The computer reached the Welcome screen. In a log-on box, the username field was populated by his wife’s first name, but the cursor blinked in the password field—which was empty.
He clicked the OK button, hoping that the system would grant him access without a password.
Please enter a password.
“Shit,” he said.
He drummed a tattoo on the desk. He had no idea what her password might be.
He glanced at Coco, typed the dog’s name, and hit Enter.
Incorrect password.
He typed his own name.
Incorrect password.
Rachel’s salon.
Incorrect password.
“Dammit, what is it then?”
He leaned backward, his weight making the chair springs squeak. He looked around the study. Gazed at her collection of dog figurines sitting on a shelf, the novels and business texts that packed the bookcase, the photograph of a sun-splashed beach standing on the corner of the desk.

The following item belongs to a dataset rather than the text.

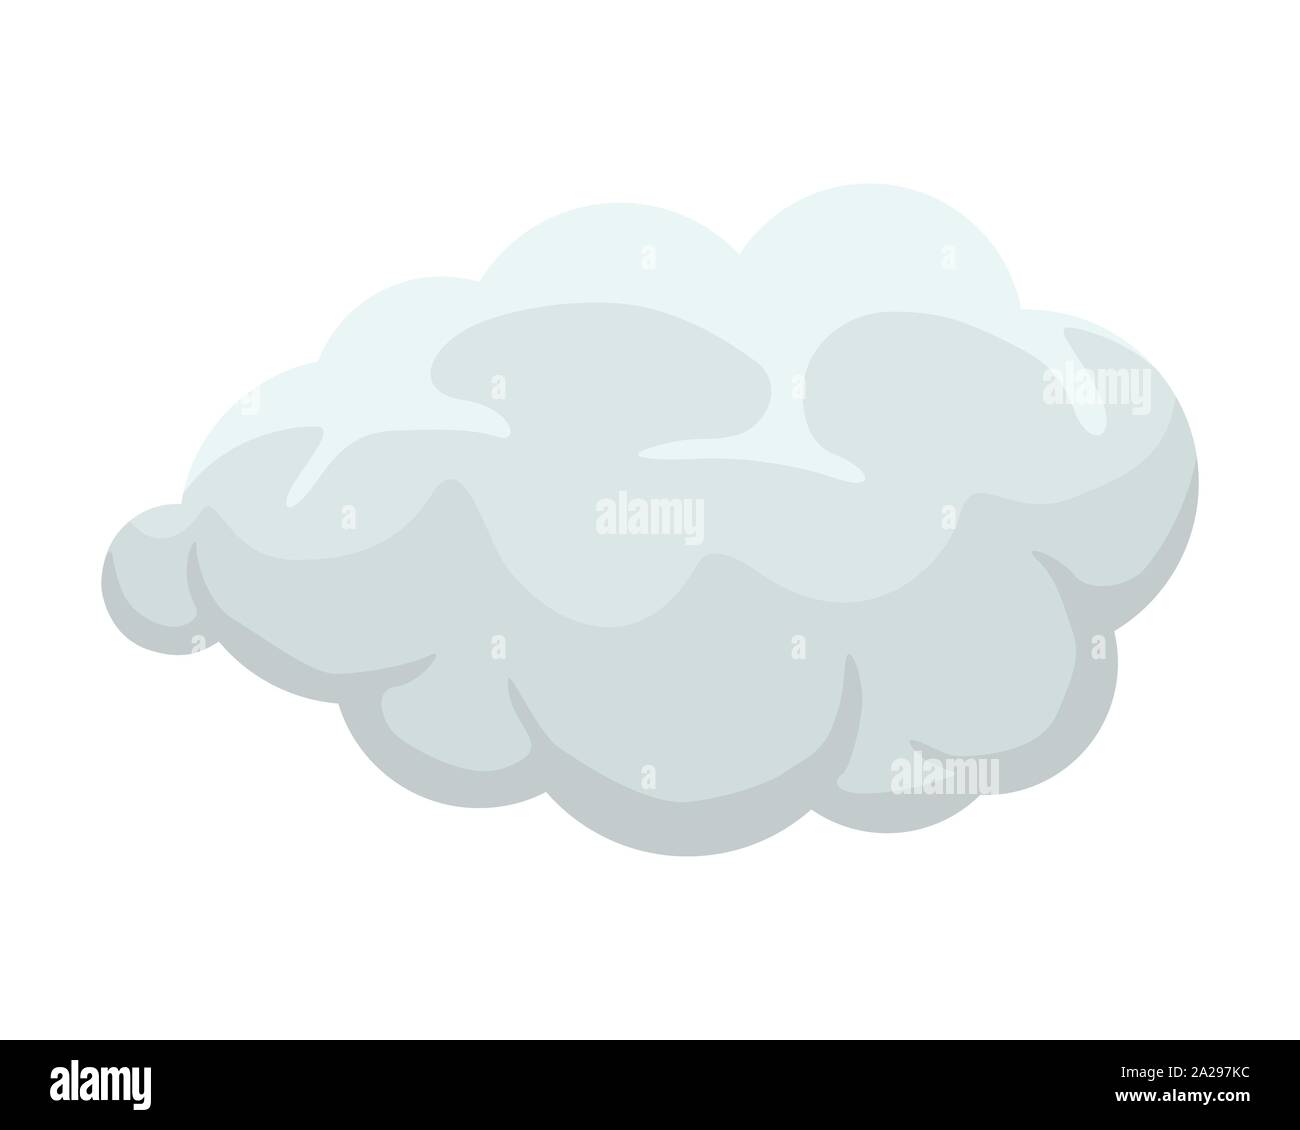 Cartoon smoke or fog. Cumulus explosion comic cloud. Flat smoky shape vector illustration Stock Vector

Hunched forward, he began to type in anything that came to mind, combinations of numbers and letters, her birth date, their anniversary, his own birth date, the name of her favorite restaurant . . .
None of them worked.
Sighing, he spun away from the computer. His knee bumped against the desk and set a ballpoint pen rolling across the desktop. It dropped into a small trashcan.
He reached inside the can to retrieve the pen. His fingers brushed across a crumpled piece of paper.
He pulled out the pen, and the paper. He unfurled the paper on his lap.
It appeared to be a print-out of a web page. Unfortunately, the ink cartridge had run dry while printing the document; the text was so faint it was virtually unreadable.
Joshua raised the page to the overhead light, squinted.
He could make out four words: Illinois Department of Corrections.
There was other text, but it was too pale for him to decipher.